Given the rate of generation of microbial genomes it would be very useful to have a better method to even approximately predict metabolic products of organisms. However, what the study lacks in my opinion, is quantitative evidence that the metric actually does translate into a prediction that the organism produces a given metabolite. They provide some anecdotal examples where it appears to work but without a more thorough analysis of what the metric means then it will only be useful in a qualitative sense i.e. a higher PM indicating that one organism is more likely to produce a metabolite than another. Metabolic modelling is admittedly not my field, but datasets capable of testing the metric, must exist. A possible example might be this collection of E. coli strains and phenotypes defined in terms of growth conditions (Galardini et al., 2017, eLife). If such datasets are not available then I feel the authors need to be more circumspect in their conclusions and concede that the metric may say something about the production of metabolites but without any certainty about how a given PM value translates into an actual probability of production.

We appreciate the reviewer’s comment, which raises a very good point. The most important concern expressed by the reviewer seems to be the insufficient comparison with experimental data, which can lead one to legitimately wonder how accurate and valuable our predictions are. Throughout our response to all reviewer comments, we have taken to heart this concern, by implementing a number of new analyses that compare our predictions with different kinds of experimental data, as well as with previously published approaches. In presenting these new analyses, we have shown the strengths of our approach, but we have also explicitly described the possible limitations of our inferences. We believe that these additional analyses will provide the readers with a clearer perspective of the type of microbial ecology questions for which our method can provide valuable insight.

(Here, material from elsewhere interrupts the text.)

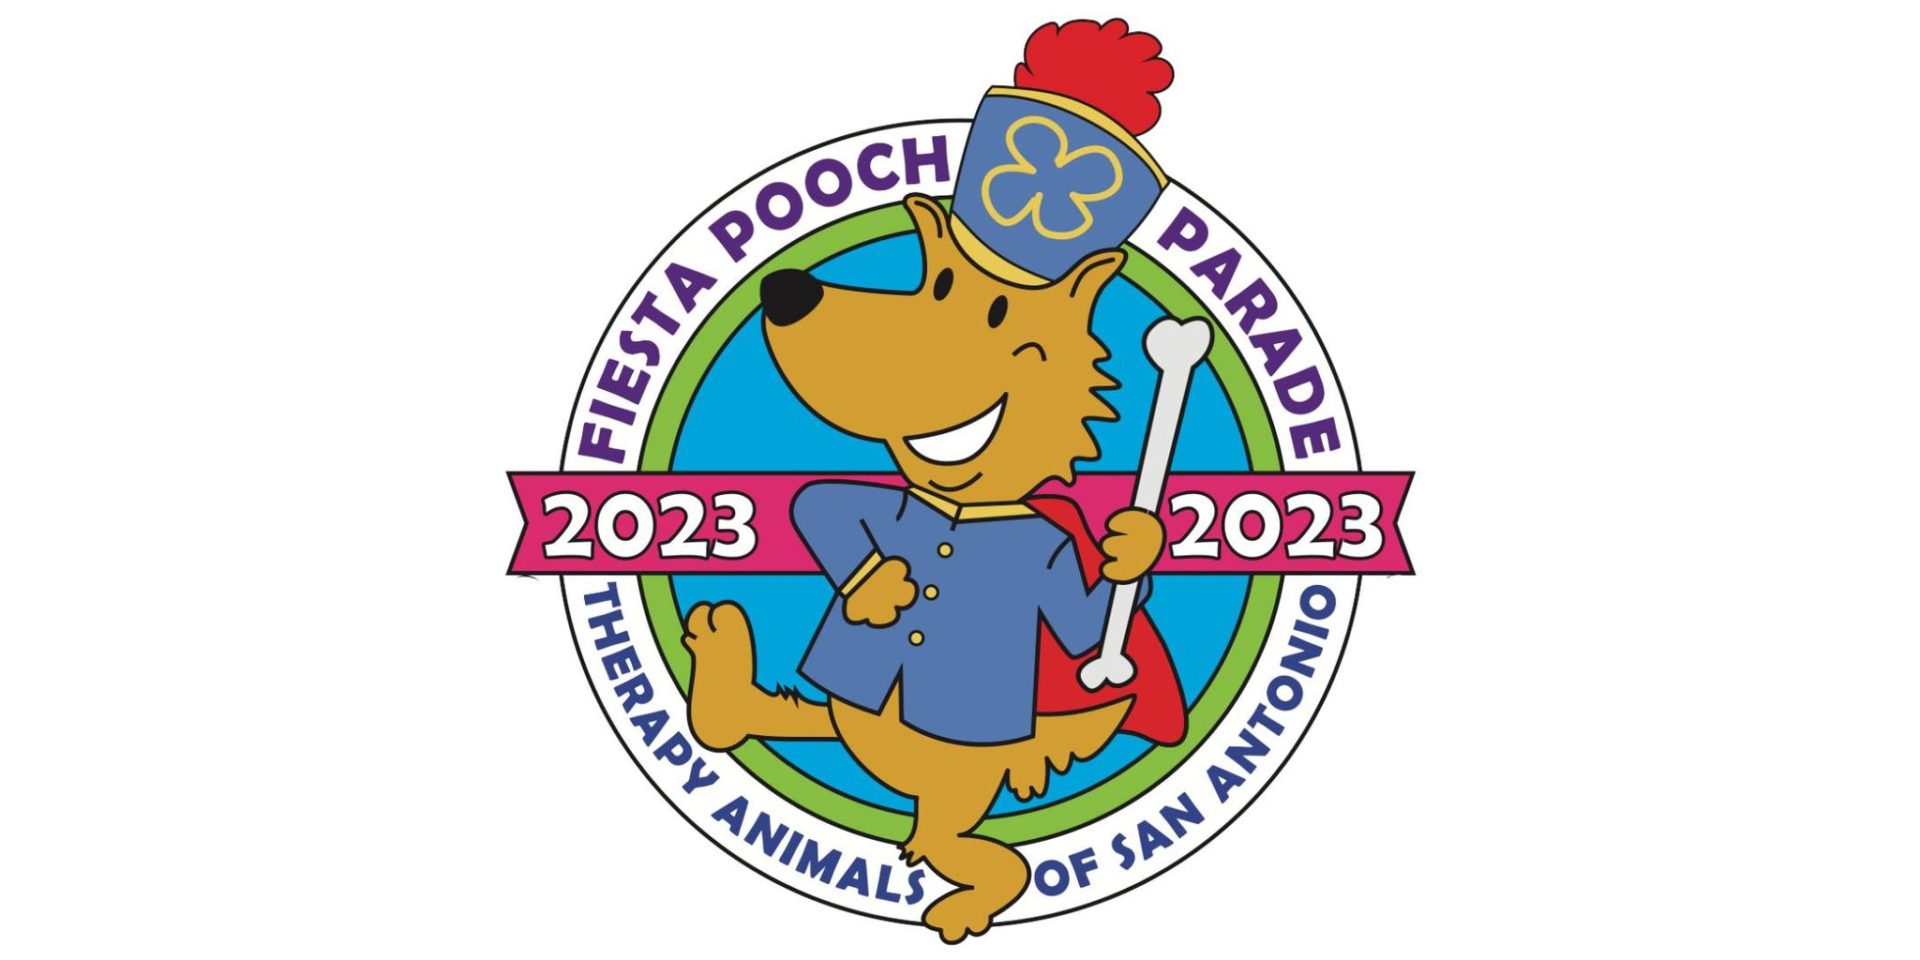 2023 Fiesta Pooch Parade The Dog Guide San Antonio

The first analysis we performed to illustrate the value of our method was a comparison with the simpler approach of quantifying the percent completion of a pathway as a measure of biosynthetic capability. This analysis was also described in further detail for reviewer #1 comment 1, and is presented in the Results section “Producibility of metabolites differs from pathway completeness and captures minimal precursor set structure”, Figure 2—figure supplement 2. For this analysis, we analyzed the histidine biosynthetic pathway in E. coli in detail, calculating both the Producibility Metric (PM) and the% completion of the biosynthetic pathway for different knockouts along the linear pathway. Through this analysis we were able to illustrate the difference between the PM and a simpler pathway based analysis, giving additional insight into the meaning of the PM.

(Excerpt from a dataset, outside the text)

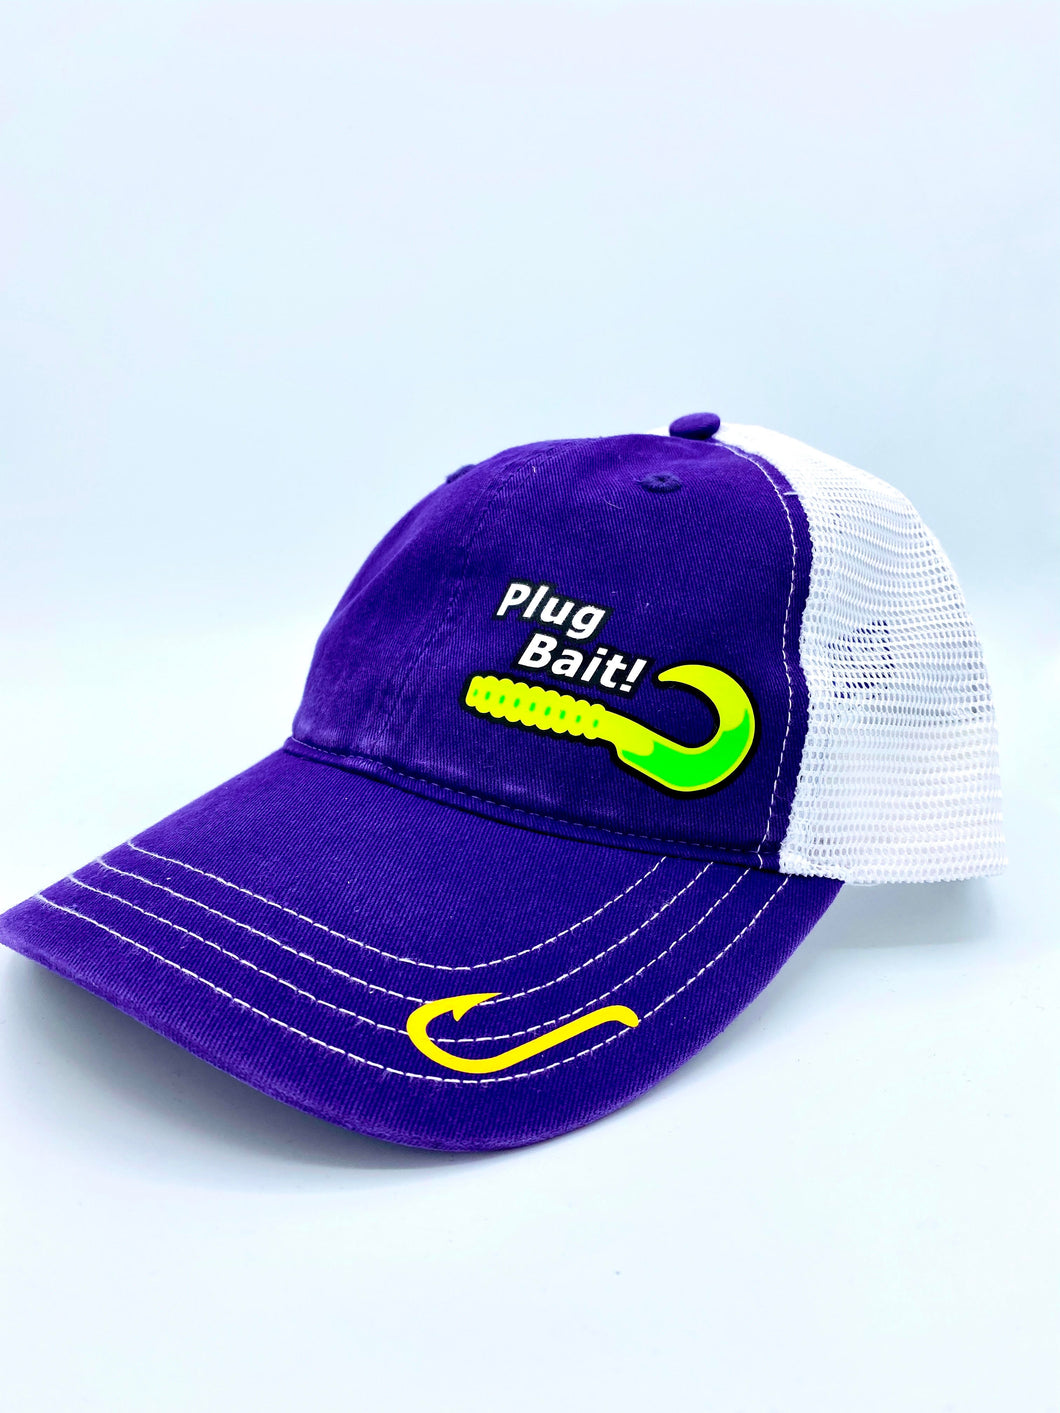 PlugBait Trucker Hat (Women's)

Next, we compared our method with flux balance analysis (FBA) for a genome-scale metabolic network with varying degrees of perturbations generated by randomly removing reactions from the network. This analysis is described in further detail in the Reviewing Editor’s summary comment and is presented in the Results section “Producibility analysis shows improved tolerance to missing reactions compared to flux balance analysis” and newly added main text Figure 3. Through this analysis we demonstrated that the PM is more robust to missing reactions than traditional FBA and can therefore provide additional insight into draft metabolic networks with gaps. Again, this analysis provided additional context to the meaning of the PM and its applicability for analyzing metabolic networks.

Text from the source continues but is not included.